Kate Simon: Say cheers on Lanzarote – the wine isn't half bad
Kate Simon is the Travel Correspondent of The Independent and The Independent on Sunday. She was Travel Editor of The Independent on Sunday from 2005 to 2011. Kate is also the co-founder of Little Black Book Creative (www.lbbcreative.co.uk), which offers editorial services, media relations consultancy and travel-writing training.
Sunday 23 October 2011
Hands up. When I was invited to visit a vineyard while I was in Lanzarote last week, I didn't hold out much hope of actually liking the grog.
Why? I suppose I hadn't thought that this holiday island in the Canaries would be a destination to delight oenophiles. Needless to say, I was in for a pleasant surprise; the whites, reds and rosés produced out of Lanzarote's volcanic ash are a revelation.
There are about 18 commercial vineyards on Lanzarote – with thousands of private growers tending patches of vines across the island, too – and the low yield of grapes means that you shouldn't expect to pop down to your local off-licence to pick up a bottle to try. On Lanzarote, many of the wines are available only at very few outlets, and the furthest most of them travel is to neighbouring islands in the Canaries, though Europe is beginning to get a look in.
Many of the vineyards can be found around La Geria, on the road between San Bartolomé and Playa Blanca, in the lap of a range of brooding volcanoes. Vines were first planted on Lanzarote in the 18th century after a series of devastating eruptions made it impossible to cultivate much else. You don't have to like wine to enjoy this extraordinary landscape; the eerie black fields are dressed with small crescents of stone that cradle the green vines. It's a traditional method of planting that is now losing favour; today regimented lines, as seen around the El Grifo winery, are preferred because they promise to increase the yield threefold.
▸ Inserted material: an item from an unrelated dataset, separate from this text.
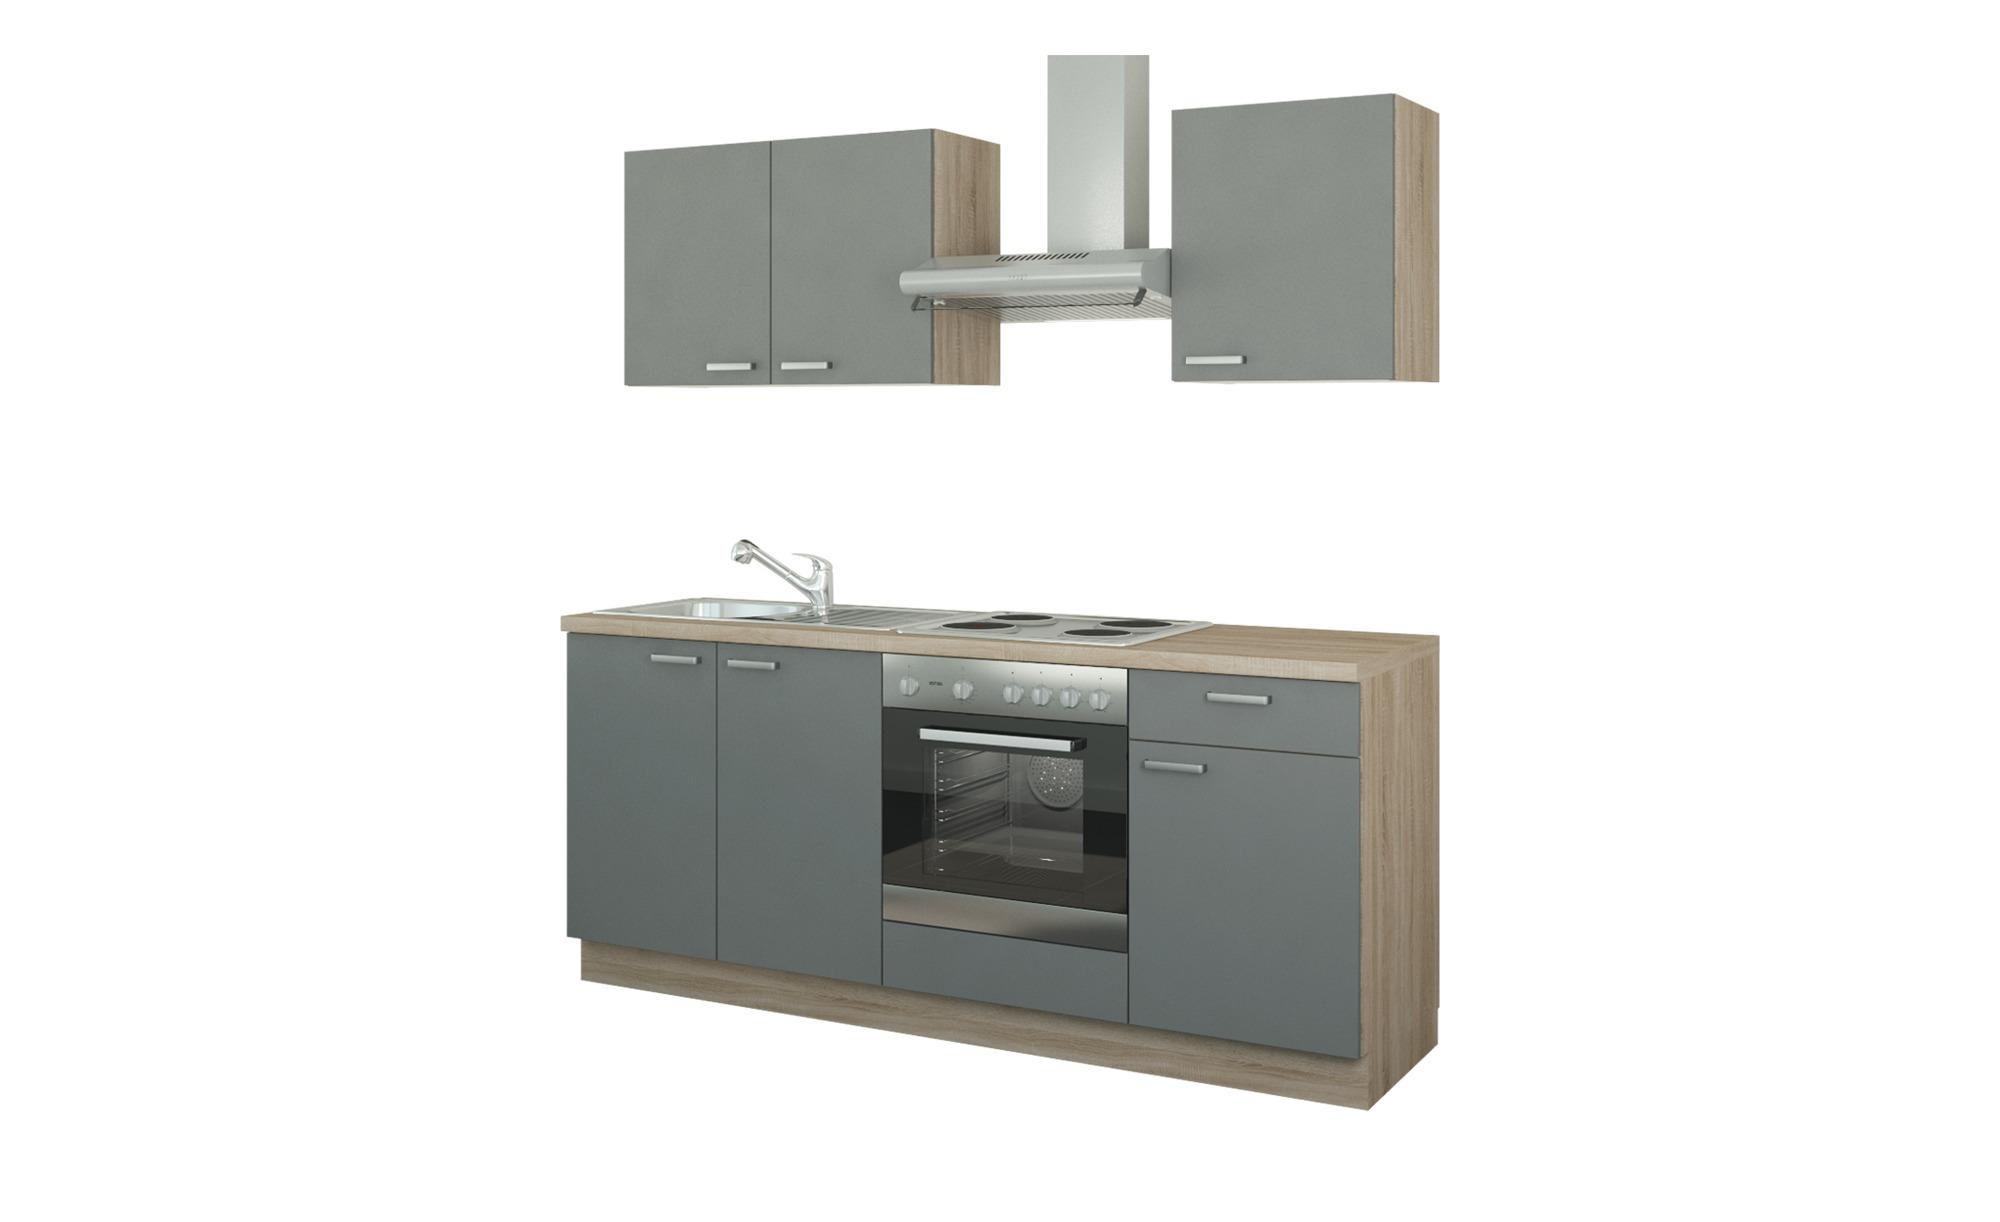 Küchenzeile mit Elektrogeräten  Ahlen ¦ Maße (cm): B: 200 Küchen > Küchenblöcke mit E-Geräten - Höffner

El Grifo may be harnessing new techniques, but it's also the Canaries' first vineyard, founded in 1775, and one of the oldest in Spain. With a nod to its longevity, the winery hosts a museum in its old wine cellar, where you can see some of the tools used for viticulture over the centuries. But it must be said, this is a dull info-lite exhibition that desperately needs updating for a 21st-century audience and is barely worth the €4 (£3.50) entrance fee apart from the tasting at the end.
More interesting is a tour of Lanzarote's newest vineyard, Stratvs, a modern complex that opened in 2009 with a large winery, two restaurants, and a shop. There, you can take a guided tour and learn from an expert about how the vines are planted, the varieties grown – malvasia and moscatel dominate – and see where the grapes are processed.
Once you've tried a glass of Lanzarote wine, I guarantee you'll be hunting out the local sauce for the rest of your holiday.
If you are heading for Lanzarote any time soon, drop into La Cantina, at Calle Leon y Castillo 8, in the charming former capital of Teguise. This old whitewashed building was recently turned into something more than its rather bald name suggests by owners Benn and Zoe.
Music nights, a cinema club, and a vintage shop complement the core activity of drinking and dining in this warren of rooms with an open-air courtyard at its heart. Plus, the menu offers welcome relief from the island's rather same-ish restaurant fare, with choices such as Vietnamese rolls featuring alongside locally sourced tapas of Canarian cheeses, potatoes, and cured meats, and piquant mojo dipping sauces.